A tous les parasites de haut rang, aristocrates, ecclésiastiques, bourgeois, qui vivaient de la misère du peuple, s’ajoutait la vermine des intendants royaux, des chats-fourrés, des percepteurs d’impôts, des gabelous, des routiers soldats affamés et pillards, de tous les hume-veines qui lui suçaient le sang et épuisaient la substance qui lui restait. Pressuré, volé, battu, il devait par surcroît être content, ce « au nom du roi ! ». Depuis l’établissement du pouvoir royal au XVe siècle, le peuple ne retrouva à aucune époque l’heureux temps du XII- siècle au XIV- siècle.
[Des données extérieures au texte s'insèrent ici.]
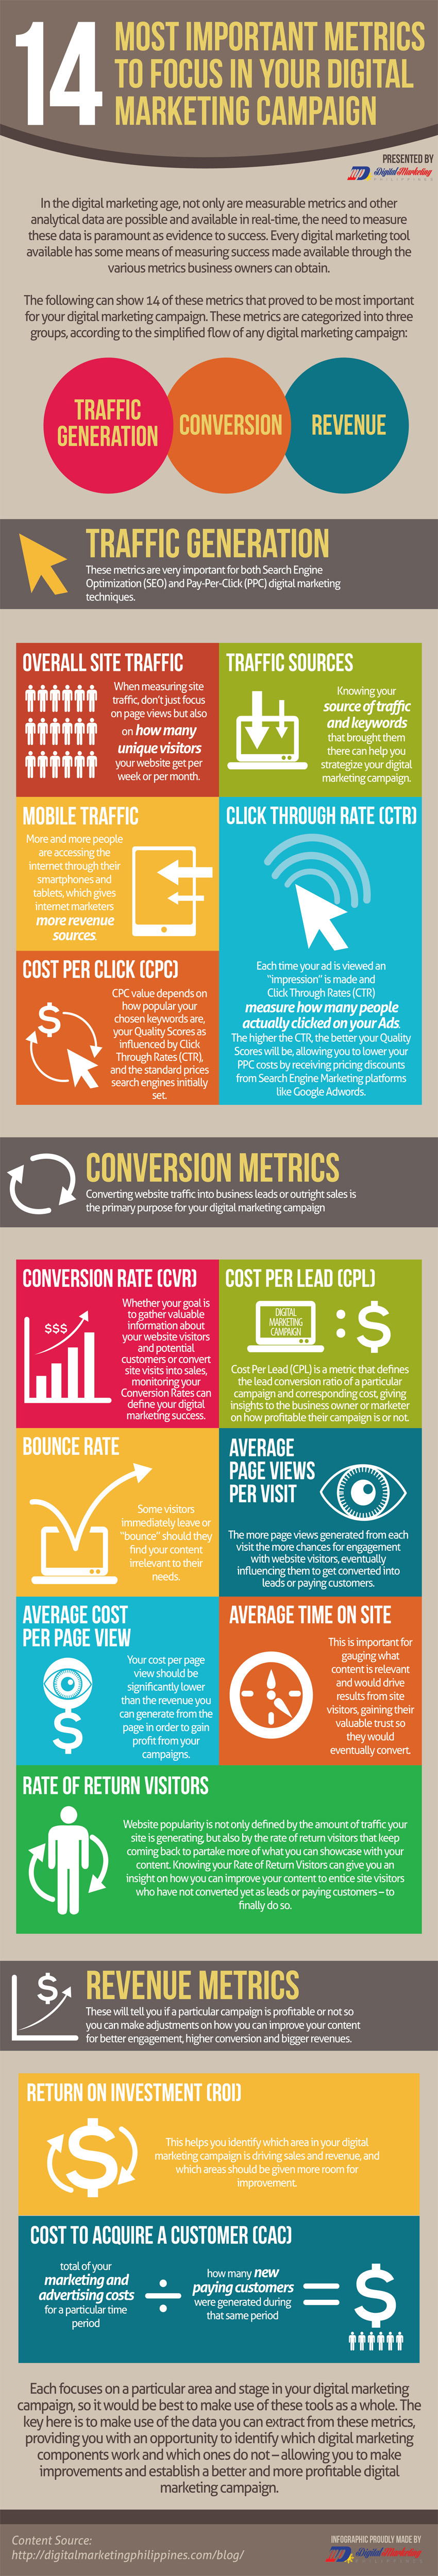 14 Most Important Metrics to Focus in Your Digital Marketing Campaign
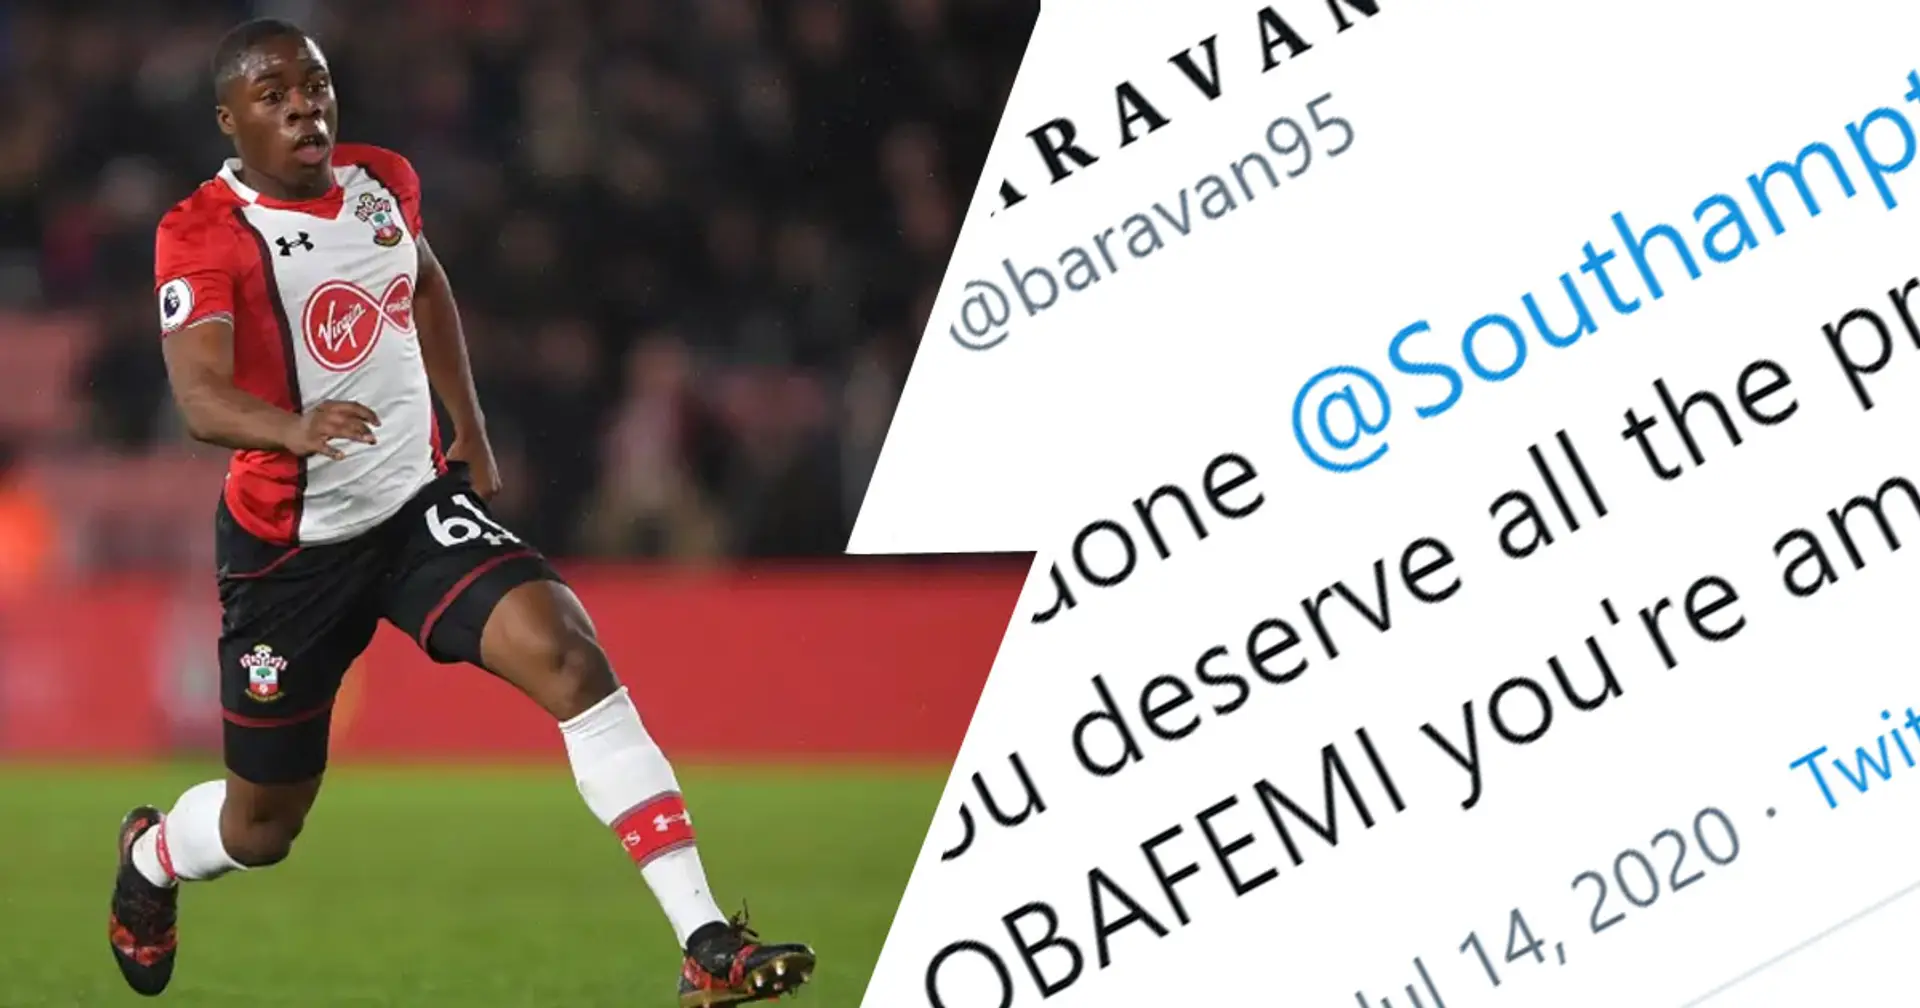 'Thank you', 'You're amazing man': Chelsea fans celebrate Michael Obafemi's injury-time equaliser as Man United stumble in top-4 race

Plus la royauté grandit en puissance et en possibilités de faire le bien public, plus le pays fut dépouillé, appauvri par son insatiable parasitisme, et plus le peuple redevint malheureux, réduit au désespoir au point de tomber dans les campagnes à l’état de ces « animaux farouches » dépeints par La Bruyère, et dont le spectacle décontenançait les étrangers, frappés par son contraste avec la magnificence de Versailles. A côté de la situation des paysans, celle des ouvriers n’était pas plus brillante. La grande industrie avait commencé à s’établir, grâce aux améliorations techniques du travail ; les premières machines furent employées, les premières manufactures s’ouvrirent, mais tout cela pour aggraver la condition ouvrière au lieu de la faire meilleure. Les premières manifestations patronales furent une déclaration de guerre à l’ouvrier, l’affirmation d’une volonté d’exploitation impitoyable qui ne se démentirait à aucun moment, mê-

me pendant la Révolution, et aboutirait à la situation actuelle. Dès le temps d’Henri IV, les principes de la « loi d’airain », qui vole à l’ouvrier la plus value de son travail, et ne lui paie qu’un salaire le mettant dans l’impossibilité d’échapper un jour à l’esclavage prolétarien, furent formulés cyniquement par le patronat, sanctionnés par le pouvoir royal comme ils le seraient par la Révolution Française elle-même, et par tous les régimes qui lui succéderaient, même et surtout l’actuel qui menace les prolétaires de les mobiliser pour le travail comme pour l’abattoir patriotique !…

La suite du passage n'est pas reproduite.